Его компаньон, над которым он, кажется, слегка подтрунивает, похож на кивающую головой фарфоровую куклу. На вид ему лет пятьдесят — пятьдесят пять, лицо у него невзрачное, затылок наполовину выбрит, на спине традиционная коса, одежда национальная — платье, кофта, кушак, широкие шаровары и пестрые туфли без задника. Он не так вынослив и с усилением килевой качки, сопровождающейся дребезжанием посуды, вскакивает из-за стола и исчезает на лестнице, ведущей в кормовую рубку. А молодой китаец, протягивая забытый им на столе маленький томик, кричит ему вслед:

— Корнаро!.. Корнаро!..

Как попало итальянское слово на уста жителя востока? Неужели этот китаец говорит на языке Боккаччо? «XX век» имеет право это узнать и обязательно узнает.

Что же касается госпожи Катерна, то она встает, сильно побледнев, и господин Катерна, как примерный супруг, сопровождает ее на палубу.

После обеда я тоже иду на палубу, предоставив Фульку Эфринелю и мисс Горации Блуэтт беседовать с глазу на глаз о комиссионных процентах и прейскурантах.

Ночь почти наступила. Быстро бегущие тучи, гонимые с востока, задрапировали верхние слои неба широкими складками. Где-то в вышине мерцает еще несколько редких звездочек. Ветер свежеет. На фок-мачте качается, поскрипывая, белый фонарь. Два других фонаря, по правому и левому борту, следуя движениям качки, бросают на волны длинные шлейфы красного и зеленого цвета.

Вскоре мне опять попадается на глаза Фульк Эфринель. Так как мисс Горация Блуэтт удалилась в свою каюту, он решил поискать в кормовом салоне свободное местечко на диване. Мы расстаемся, пожелав друг другу спокойной ночи.

Я же собираюсь остаться на палубе, забиться куда-нибудь в уголок и, завернувшись в одеяло, заснуть, как свободный от вахты матрос.

Еще только восемь часов. Я закуриваю сигару и, расставь ноги, чтобы создать упор против боковой качки, начинаю прогуливаться вдоль борта. Пассажиры первого класса уже покинули палубу, и я нахожусь там почти в полном одиночестве. По мостику взад и вперед шагает старший помощник, следя за курсом, которого должен придерживаться стоящий рядом с ним рулевой. Лопасти гребных колес с огромной силой ударяют по воде, производя страшный грохот, когда судно накреняется, и одно из них работает вхолостую. Из трубы вырываются клубы едкого дыма, рассыпая в воздухе снопы искр.

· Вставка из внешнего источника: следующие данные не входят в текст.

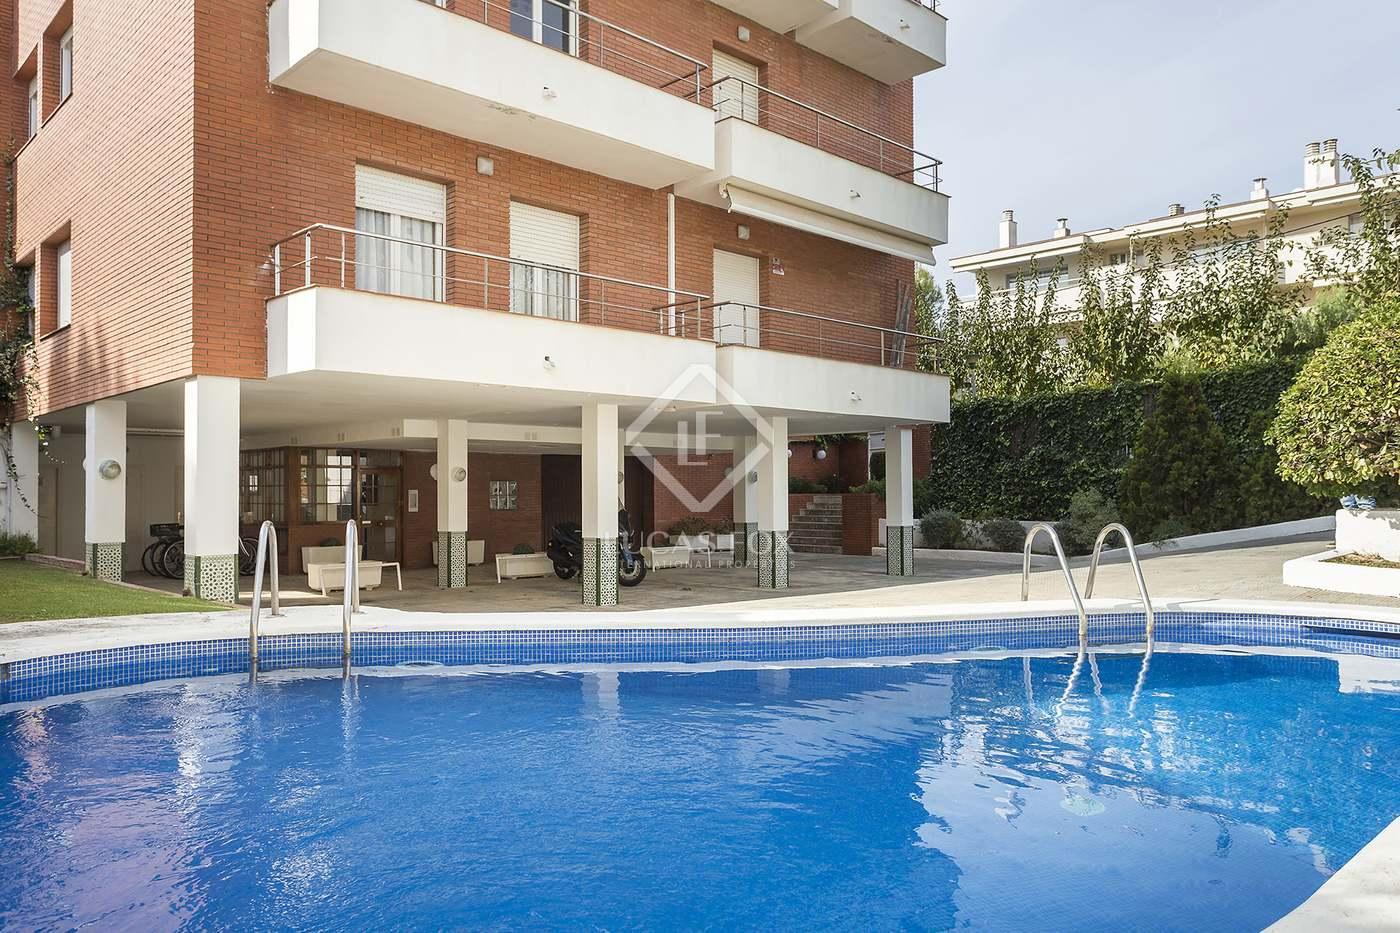 Piso en Terramar-Vinyet. Piso de 2 dormitorios en venta en terramar, barcelona

К девяти часам наступает полная тьма. Я пытаюсь высмотреть вдали огонек какого-нибудь парохода, но тщетно: на Каспийском море нет большого движения. Слышны только крики морских птиц — чаек и синьг, отдающихся прихоти ветра.

Прохаживаюсь по палубе и не могу отделаться от мысли: а что, если путешествие так и закончится без всяких приключений и мне нечего будет сообщить моей газете!.. Редакция призовет меня к ответу и будет вполне права. Как! Ни одного происшествия от Тифлиса до Пекина?.. Конечно, я один был бы в этом виноват, и поэтому должен пойти на все, лишь бы избежать подобного несчастья.

В половине одиннадцатого я усаживаюсь на одну из скамей на корме «Астры». Но не тут-то было! На таком ветру долго не посидишь!

Поднимаюсь на переднюю палубу, придерживаясь за планшир. Под мостиком, между колесными кожухами, меня настиг такой порыв ветра, что пришлось искать убежища возле товаров, накрытых брезентом. Растянувшись среди ящиков, я закутываюсь в одеяло, прислоняюсь головой к просмоленной ткани и немедленно засыпаю.

Спустя некоторое время — затрудняюсь сказать прошел час или больше — меня будит какой-то странный шум. Прислушиваюсь внимательнее. Похоже, что рядом со мной кто-то храпит.

«Должно быть, это какой-нибудь пассажир с носовой части судна, — думаю я. — Видимо, он пролез между ящиками, устроился под брезентом и ему совсем неплохо в этой импровизированной каюте».